*Exercise data:*
Content starts

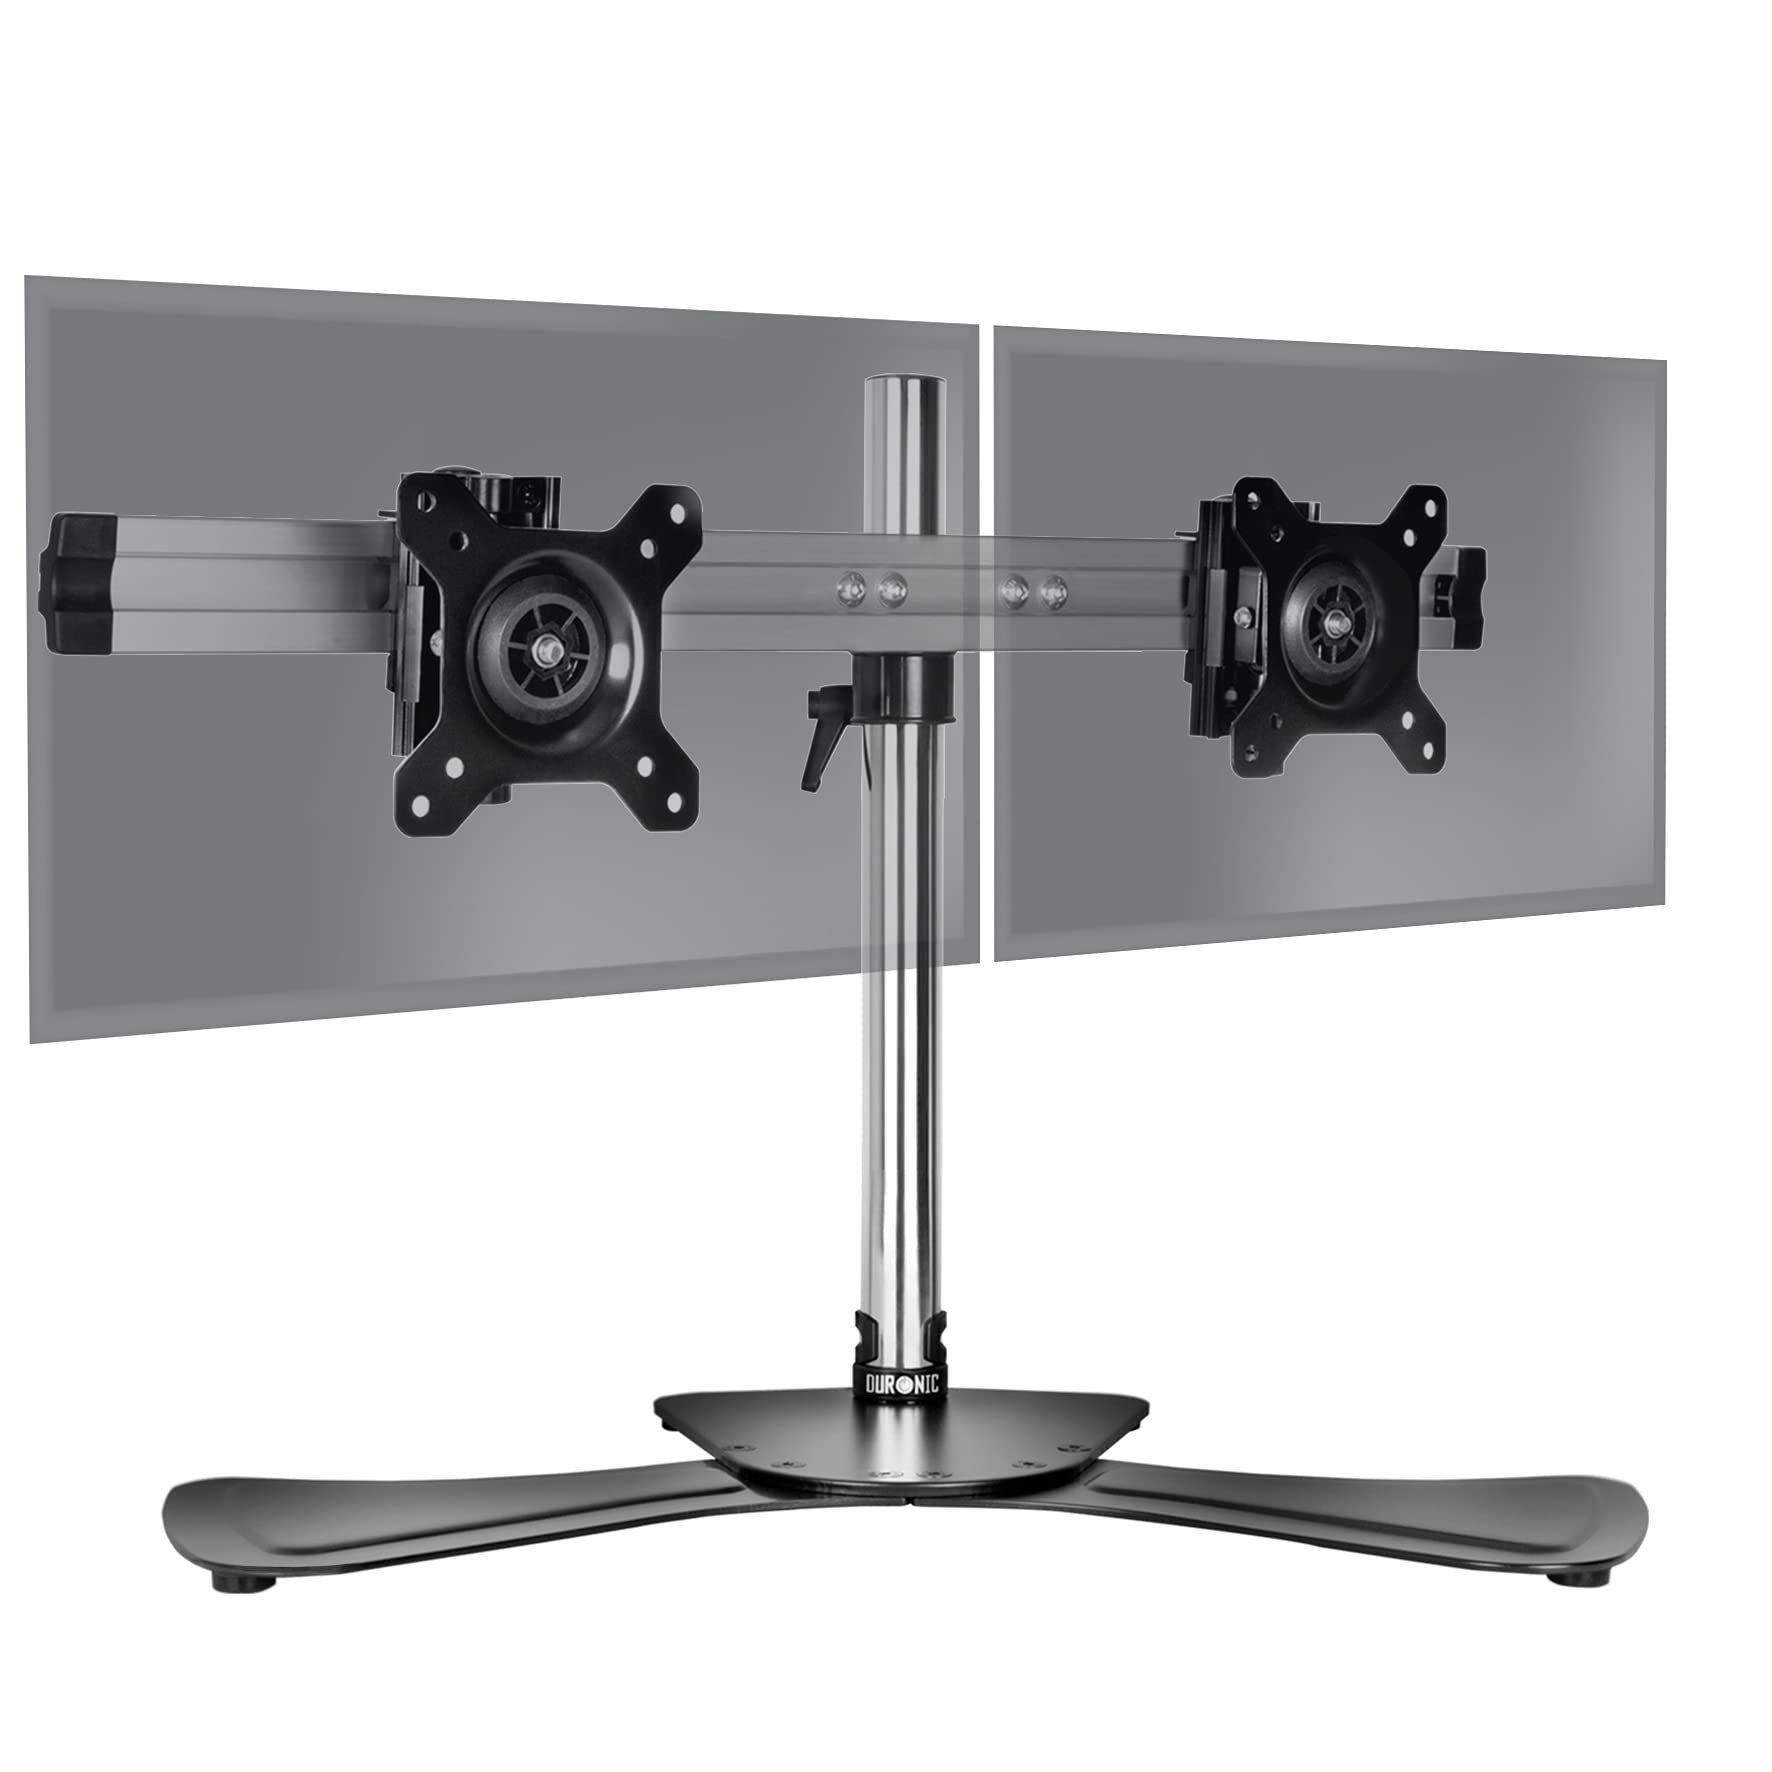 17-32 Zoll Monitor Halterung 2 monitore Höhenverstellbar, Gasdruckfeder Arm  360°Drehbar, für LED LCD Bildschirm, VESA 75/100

Content ends
Content starts

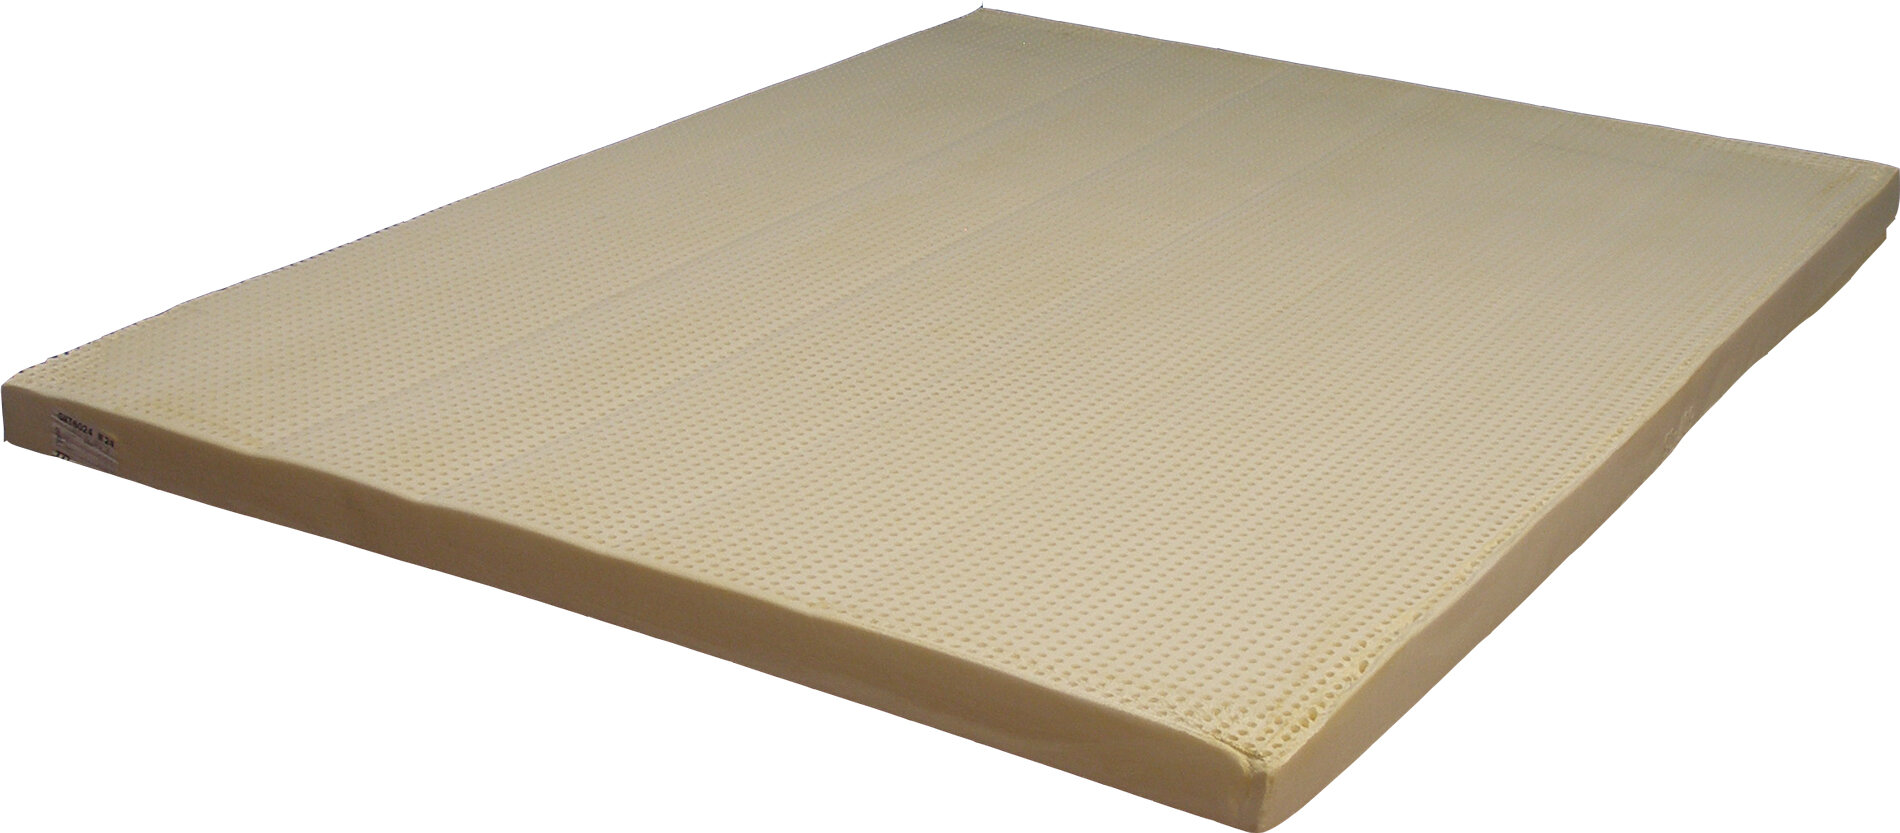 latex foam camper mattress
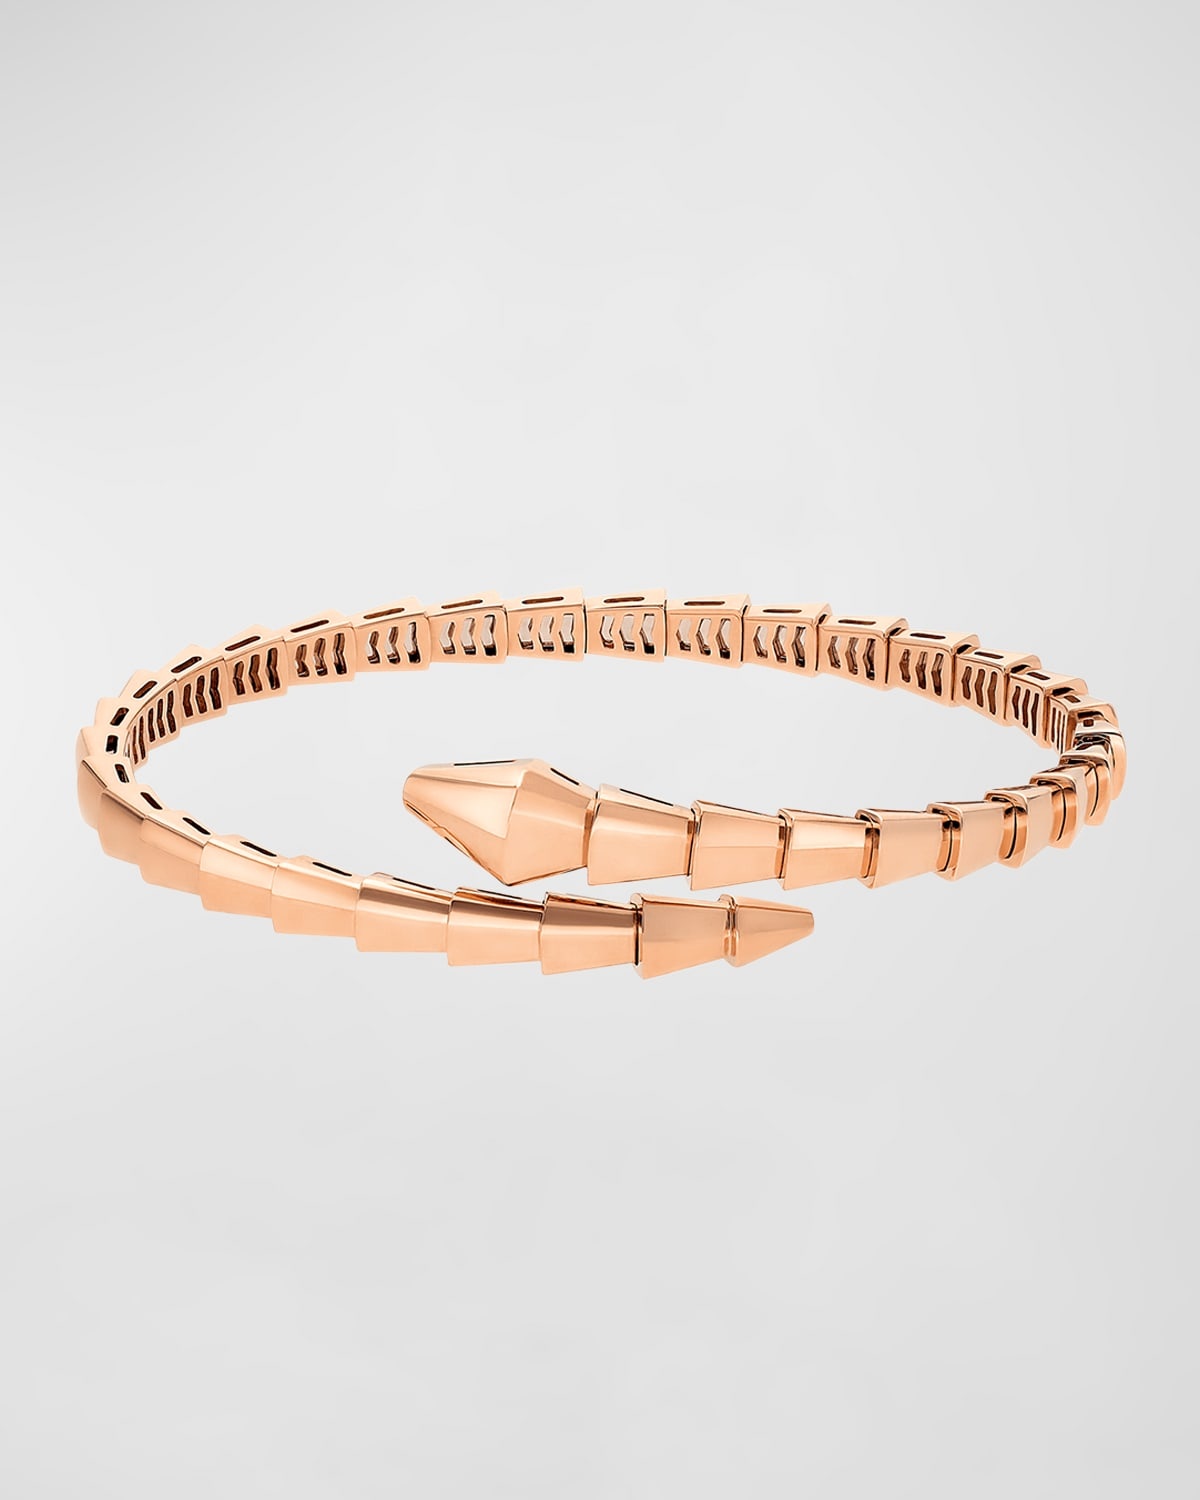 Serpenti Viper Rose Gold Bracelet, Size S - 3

Content ends

*What to work on:*
Leaving out all pictures, set down exactly the lines of the material above, from the line with "latex foam camper mattress" to the line with "Serpenti Viper Rose" inclusive, and no others.

*Solution to this exercise:*
 latex foam camper mattress
 Serpenti Viper Rose Gold Bracelet, Size S - 3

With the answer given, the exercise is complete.